Must visit: San Marco Square, the Kástro (Venetian fort), the Solomos Museum, the Blue Caves at Cape Skinári, To Naváyio (Shipwreck Bay) and the Cape Kerí caves. Where to stay: At well-organized resorts, in rooms, seafront hotels, rentable windmills (sorry, there are only two).
Join in with: Day-trips to tiny cliff-top hamlets to catch the sunset and countryside festivals (paniyíria).
An extra tip for kids: Learn how to protect the loggerhead sea turtle and explore the island’s fascinating underwater world at the Marine Park!

Alonissos
Where: In the Aegean Sea, the third member of the Northern Sporades
Why: Peaceful and serene, more rugged than its neighbors, with a strong British and Italian presence and second-home owners from all over the world, spring waters, pine forest, olive groves, orchards, arbutus (a native flowering plant), heather, kermes oak, and lentisc (type of mastic tree). Resident herbalists and a homeopathic academy. Some of Greece’s cleanest seas.
Must visit: Hóra (Paleá Alónnissos), Stení Vála, Roussoúm Yialós, Marpoúnda Bay.
Where to stay: There are a few all-inclusive hotels, many rooms and family guesthouses, plus some 3-star hotels.
Join in with: Art exhibits and countryside festivals (paniyíria).
An extra tip for kids: Find out how to adopt a newly-born monk seal at the Marine Park (and please eat some of the local apricots –they are really tasty here)!

Ancient Pella: In the land of Alexander the Great.
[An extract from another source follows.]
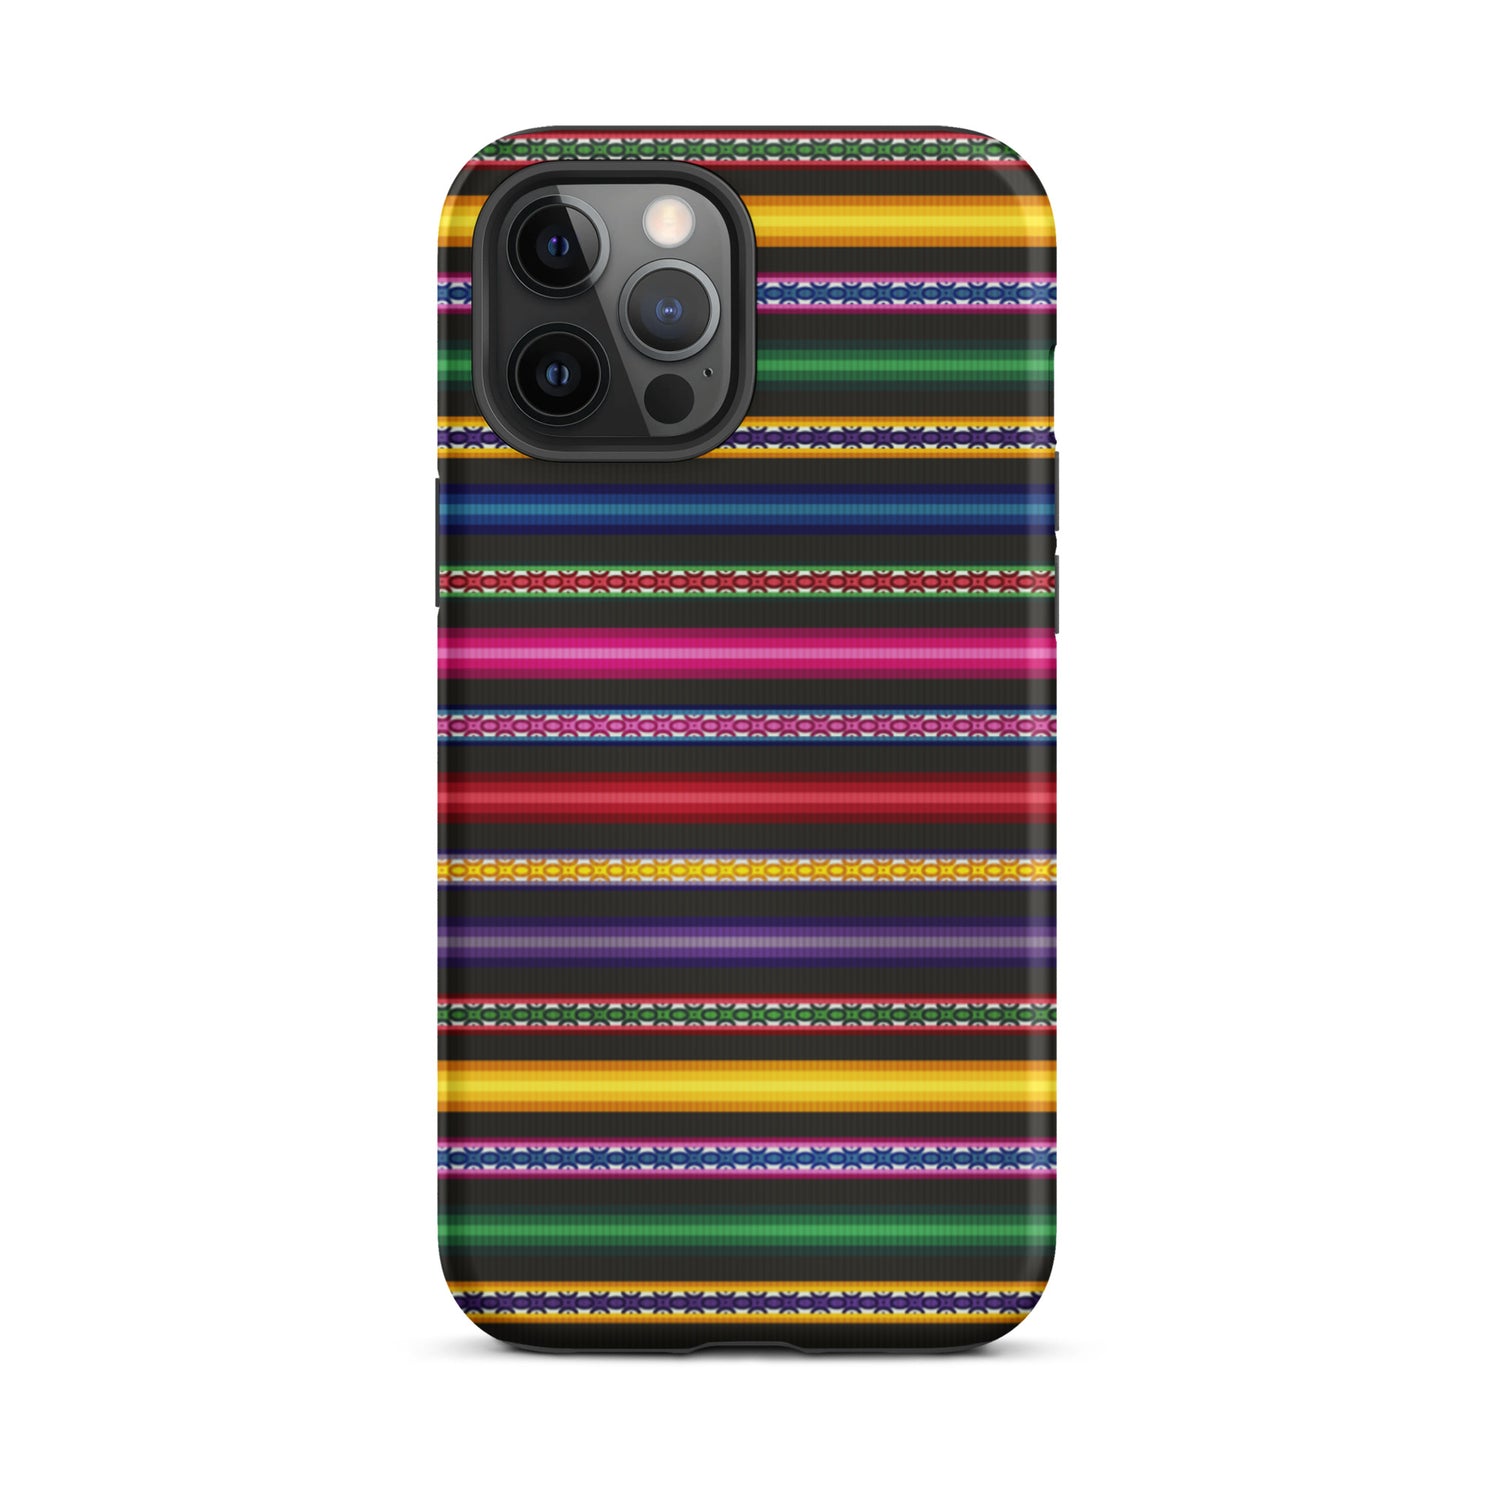 Peruvian Tough iPhone 12 Pro Max case

Where: In the current Pella regional unit of Central Macedonia in Greece
Why: Set out on a magical journey through time to the glorious kingdom of ancient Macedonia, where Alexander the Great was born. Peer into the rich history of the Macedonian state capital, a bustling metropolis of the Classical period. A number of excavations of the site reveal the ancient city’s majestic grandeur.
Must visit: The monumental palatial complex that occupies the northernmost hill of the city, and covers an area of 60.000 m2. Wander around the city’s commercial and manufacturing center, the so-called agora (ayorá), which was in fact the biggest agora of the ancient world.
This huge building complex included shops, workshops, administration offices, and the repository of the city’s historical records.
The main avenue of agora was actually connected with the city’s port, the ruins of which are still visible today.
The ancient agora is constructed according to the famous urban planning of Hippodamus (Hippodamian grid plan): well-defined city blocks, paved streets with sidewalks, and elaborate water supply and sewage systems. They all illustrate Pella’s modern infrastructure and sophisticated urban design. The two-story private houses built in Doric and Ionic style brings to mind images of a prosperous, ancient, city.

An extra tip for children: You will certainly be impressed by the outstanding mosaic floors that used to decorate the city’s grand mansions – the most famous are the ones depicting the Abduction of Helen, Rapture, the Amazonomachy (the battle of Amazons), and the Deer Hunt. You can marvel at these decorated floors (considered the most important group of mosaics in Macedonia) at the New Archaeological Museum of Pella.